Lumping all livestock systems together in any analysis therefore makes little sense. There are different costs and benefits, different patterns of emissions, and different routes to mitigation. Yet, the way the science is framed in global assessments tends to aggregate and simplify."
On emissions from livestock (which people are still working on methods to accurately measure - some work in my department):
"The aggregate emissions figures are presented in terms of carbon dioxide equivalents, meaning that all greenhouse gases, including methane, must be presented together. However, given the contrasting ways that gases behave in the atmosphere, they have very different “global warming potentials.” Much uncertainty exists around how to treat methane, for example, which has high warming potential in the short-term, but decays rapidly. Some suggest that the effects of methane are overestimated using standard measures, and alternatives for assessing “global warming potential” have been proposed (Allen et al.
2016; Del Prado et al.,
2021). Without going into the technical details, the point is that there is much uncertainty around the seemingly authoritative facts and figures about livestock's methane emissions.
Such uncertainties are compounded when the underlying emissions data on which they are based are examined. Inevitably, global assessments are estimates, but where does the data come from? In large part, livestock emissions data derive from respiratory chamber experiments on large, well-bred animals, mostly in North America and Europe. Such experiments are used to derive emissions factors in national estimates reported to the Intergovernmental Panel on Climate Change (IPCC) and which subsequently are reflected in proposals for “Nationally Determined Commitments” for mitigation. However, a comprehensive review of life-cycle assessments of food production systems highlighted that only 0.4% of these were from Africa (Clark & Tilman,
2017). When empirical studies are undertaken on local animals, very different results emerge to the standard emission estimates. In part, this is because such animals are smaller, but also because they are physiologically adapted and feed selectively on natural range under particular feeding regimes. As a result, such animals produce far fewer emissions than usually assumed in standard models (Goopy et al.,
2021; ILRI,
2018; Ndung'u et al.,
2019). While estimated emissions factors may be necessary while improved data emerges from such local studies, much caution must be applied to the results, since life-cycle analyses may be substantially off the mark due to this chain of compounding uncertainties.

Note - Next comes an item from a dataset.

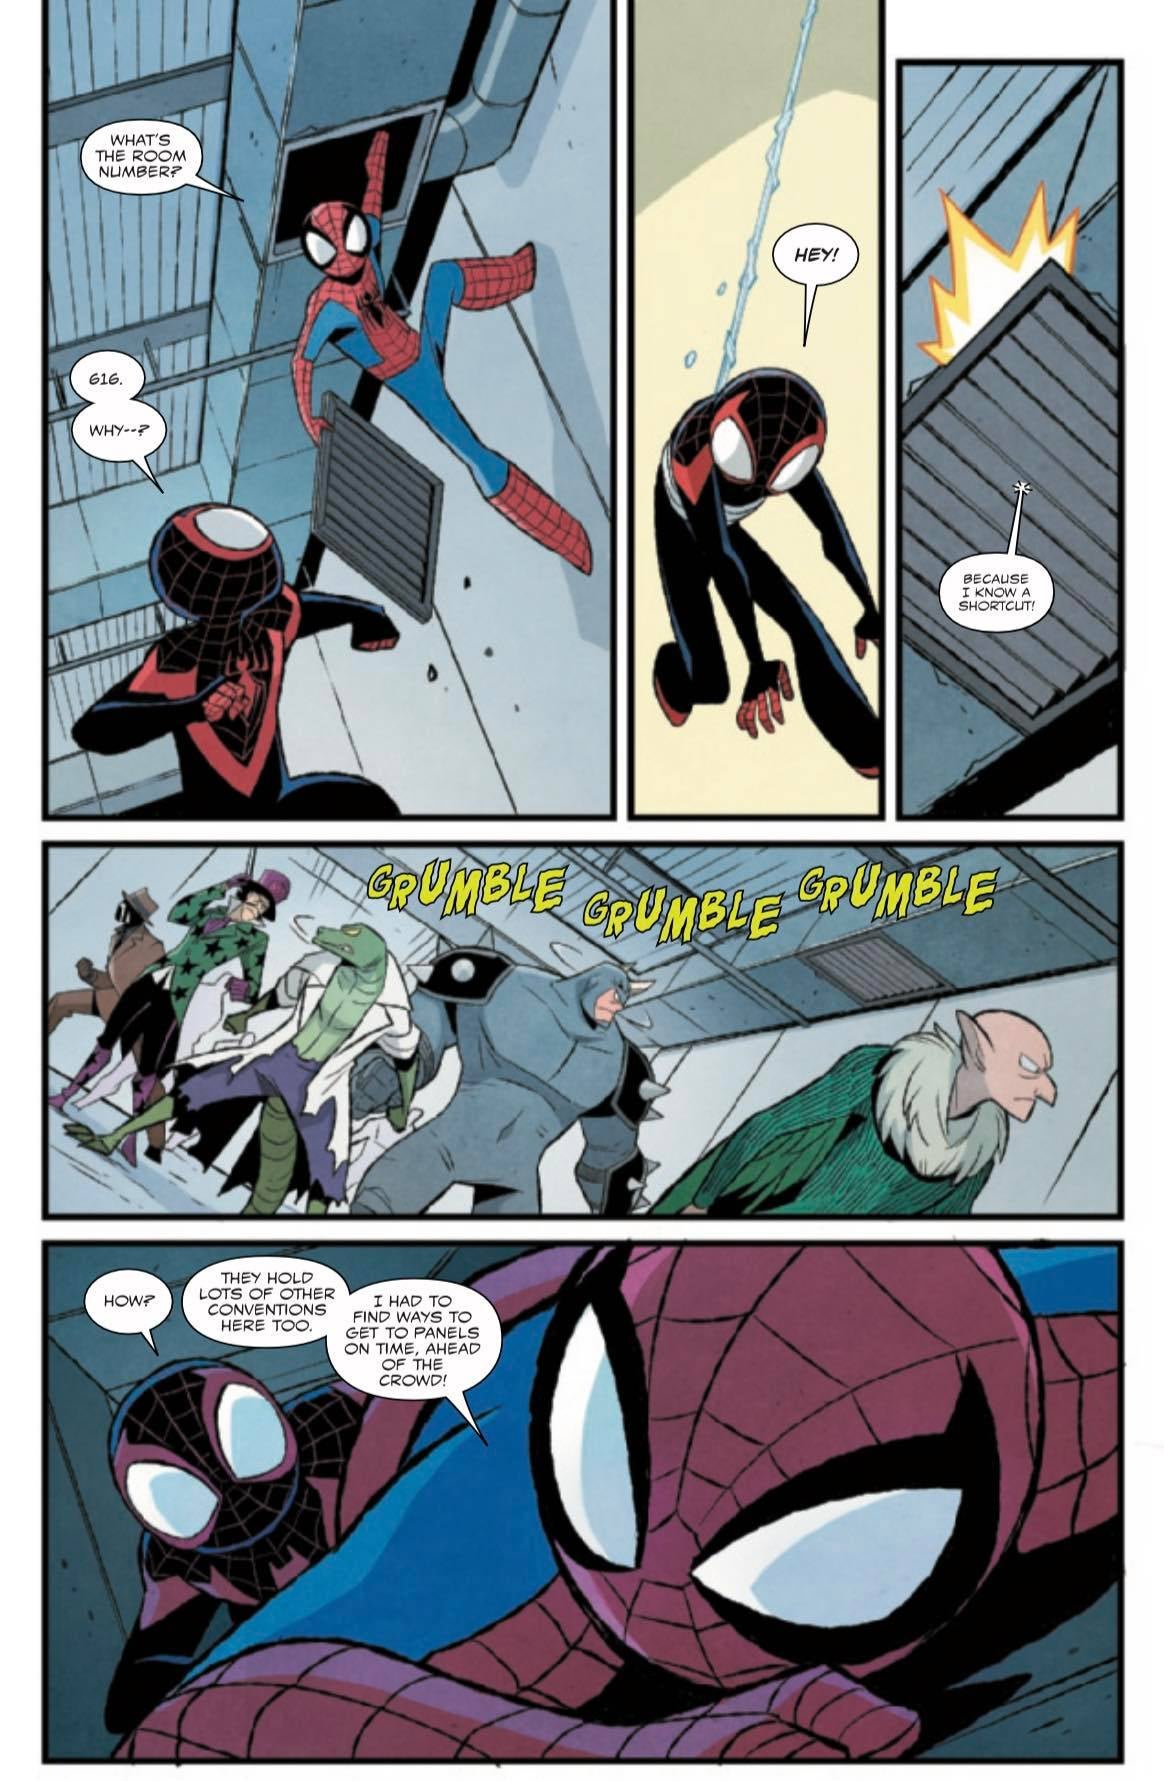 Spider-Man's unconventional convention hack

Yet, global assessments that feed into climate policy frequently rely on extrapolations from this type of life-cycle analysis. A widely quoted example was published in Science and used information from an impressive 38,700 production units and 1600 processors as its data source (Poore & Nemecek, 2018). Extrapolating to a global level, the study claimed that reducing consumption of animal-source foods and excluding animal production across 3.1 billion hectares (equivalent to a 19% reduction in arable land) would reduce greenhouse gas emissions by 49% (2018: 991). Without attending to the multiple qualifications and assumptions laid out in the Additional Materials, the media headlines that ensued condemned livestock production and urged major changes in diets, a message reinforced by the much-debated EAT Lancet report (Willett et al., 2019). However, the Science study largely missed out on extensive systems, including as it did only “commercially viable” case studies. It relied on published data, which was mostly from industrial production in North America, Europe and some parts of Latin America and coastal China, and so created a distorted view, now replicated across public and policy debates."

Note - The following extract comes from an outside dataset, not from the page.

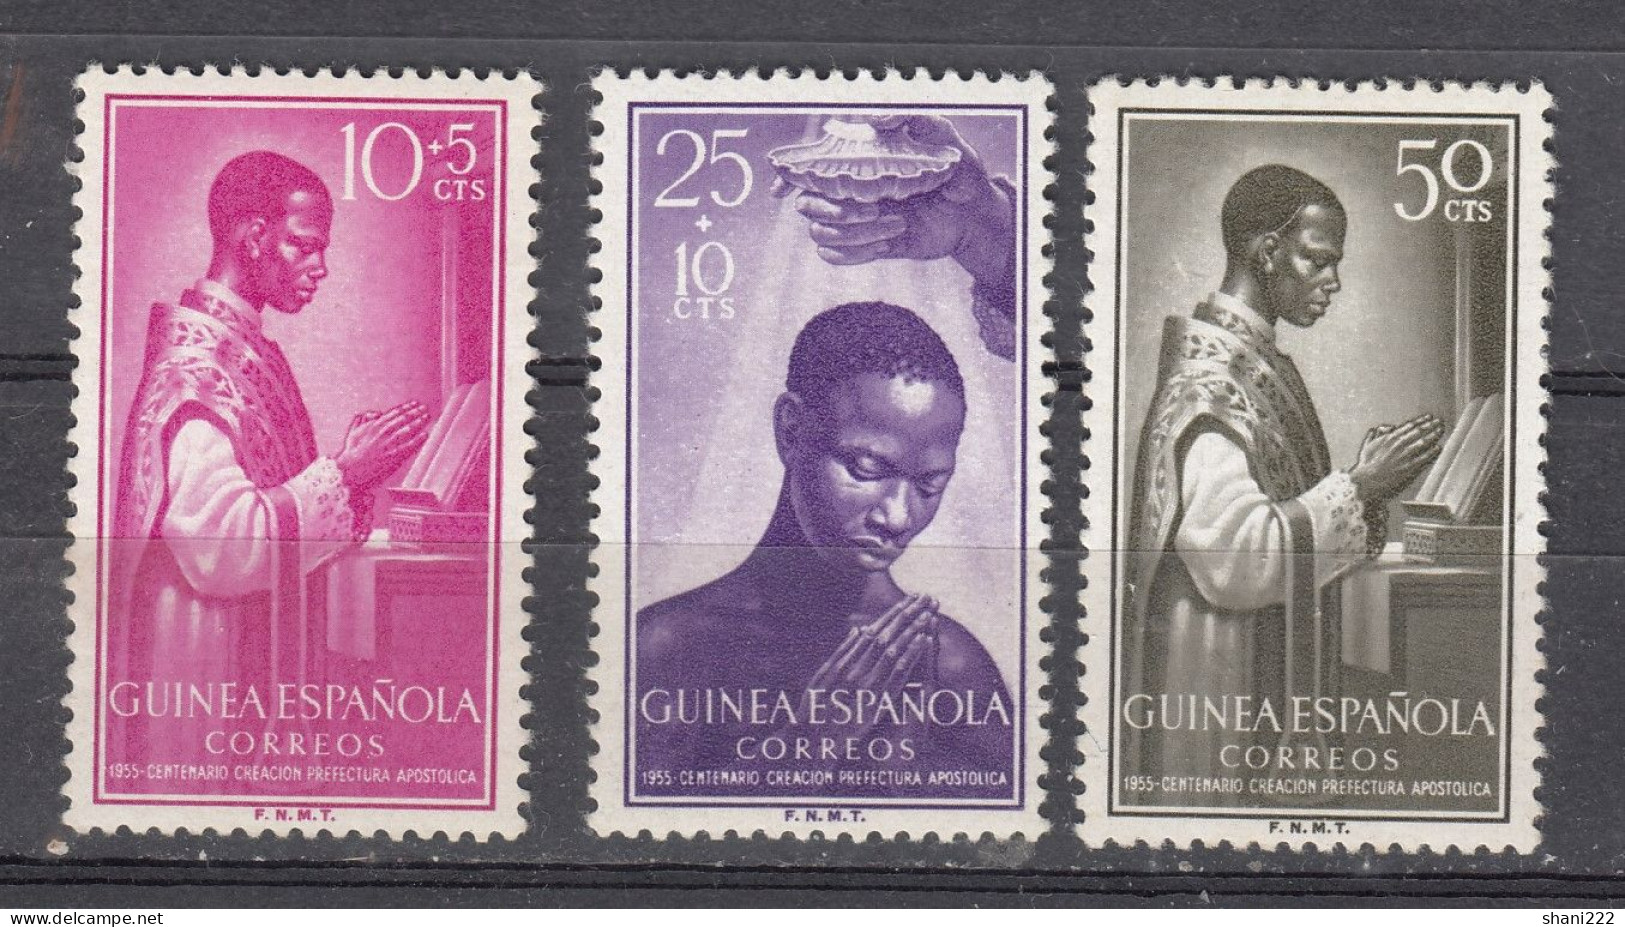 Spanish Guinea - 1955 Prefectura Apostolica - MNH (e-812) - Spaans-Guinea

Funny that I'm not the only scientist saying this sort of thing, eh? Apparently not the "lone crazy" that appears to be the attack line used against me on this thread.
And:
"Such biases in the data are in turn exacerbated by a narrow focus on emissions efficiencies per animal or per unit of product, without assessing the system as a whole, including the potential for sequestration. We still know very little about the carbon-nitrogen dynamics in rangeland systems in different parts of the world (Garnett et al.,
2017), but grasslands are a huge global store of carbon, notably in roots and soils (Dass et al.,
2018); part of dynamic “open ecosystems” that have co-evolved with natural herbivory, both domestic and wild, for millennia (Bond,
2019). Depending on the state of such ecosystems, grazing animals can add to such stocks (Conant et al.,
2017; McSherry & Ritchie,
2013). This is especially the case if manure is deposited and incorporated across wide areas, as with mobile systems. More comprehensive life-cycle assessments of mobile, extensive livestock production shows how, if such sequestration potentials are accounted for, then such systems can be in carbon balance, even being net positive under some conditions.
5"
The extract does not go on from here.